Unnamed: 0,name,total_amount
0,Southwest,9994744.0
1,Northwest,7498216.0
2,Canada,6368789.0
3,Australia,6159413.0
4,United Kingdom,5048687.0
5,France,4376123.0
6,Germany,3630800.0
7,Central,2791293.0
8,Southeast,2351479.0
9,Northeast,2168895.0


### Looking at Salespeople

Next, let's try to find the top performing salespeople.  We can begin by looking at our salesperson table.

In [33]:
pd.read_sql("""select * from sales.SalesPerson limit 2""", conn).T

Unnamed: 0,0,1
businessentityid,274,275
territoryid,,2.0
salesquota,,300000.0
bonus,0.0,4100.0
commissionpct,0.0,0.012
salesytd,559697.5639,3763178.1787
saleslastyear,0.0,1750406.4785
rowguid,48754992-9ee0-4c0e-8c94-9451604e3e02,1e0a7274-3064-4f58-88ee-4c6586c87169
modifieddate,2010-12-28 00:00:00,2011-05-24 00:00:00


We can see that we have a `salesytd` column as well as a `modifieddate` column.  One item that may be difficult to identify is the sales person id.  This it turns out is the `businessentityid`.  

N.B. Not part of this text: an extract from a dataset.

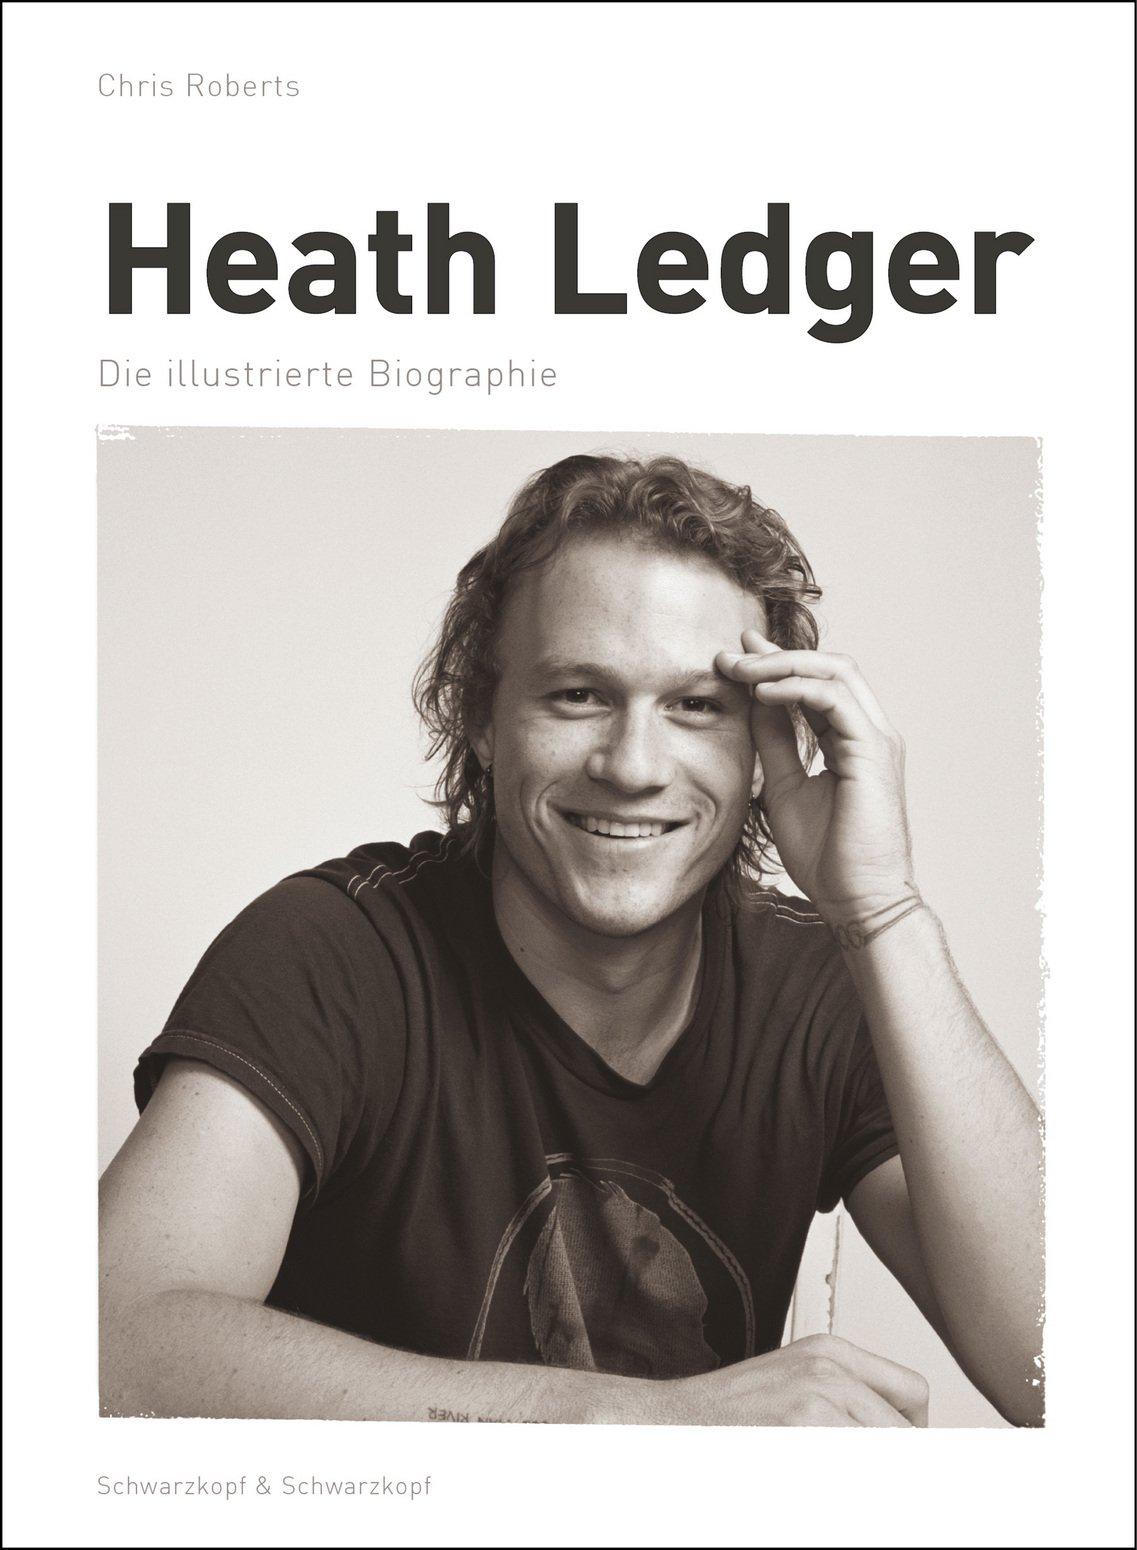 Heath Ledger: Die illustrierte Biographie

Now let's find the salesperson id salesytd of the salesperson who had the most sales in the `Southwest` territory, our best performing territory.

In [42]:
query = """
select s.businessentityid, s.salesytd
from sales.SalesPerson as s
join sales.SalesTerritory as t on s.territoryid = t.territoryid
where t.name = 'Southwest'
order by 2 desc
limit 1
"""

pd.read_sql(query, conn)

#  businessentityid	salesytd
# 0	276	4.251369e+06

Unnamed: 0,businessentityid,salesytd
0,276,4251369.0


Then let's the top three items that the salesperson with id 276 sold.  

> Some of the foreign keys may be tricky to figure out but use your best guess.

In [46]:
query = """
select sod.orderqty, p.name
from sales.SalesPerson as sp
join sales.SalesOrderHeader as soh on soh.salespersonid = sp.businessentityid
join sales.SalesOrderDetail as sod on sod.salesorderid = soh.salesorderid
join production.Product as p on p.productid = sod.productid
where sp.businessentityid = 276
limit 3
"""
pd.read_sql(query, conn)

# 	amount	name
# 0	141	Long-Sleeve Logo Jersey, L
# 1	135	AWC Logo Cap
# 2	124	Sport-100 Helmet, Blue

Unnamed: 0,unitprice,name
0,419.4589,"Road-650 Red, 60"
1,419.4589,"Road-650 Red, 52"
2,2146.962,"Road-150 Red, 56"


### Summary 

In this lesson, we practiced working with our relational queries.  The adventureworks database is excellent for practicing postgres skills so feel free to continue practicing and exploring the various schemas.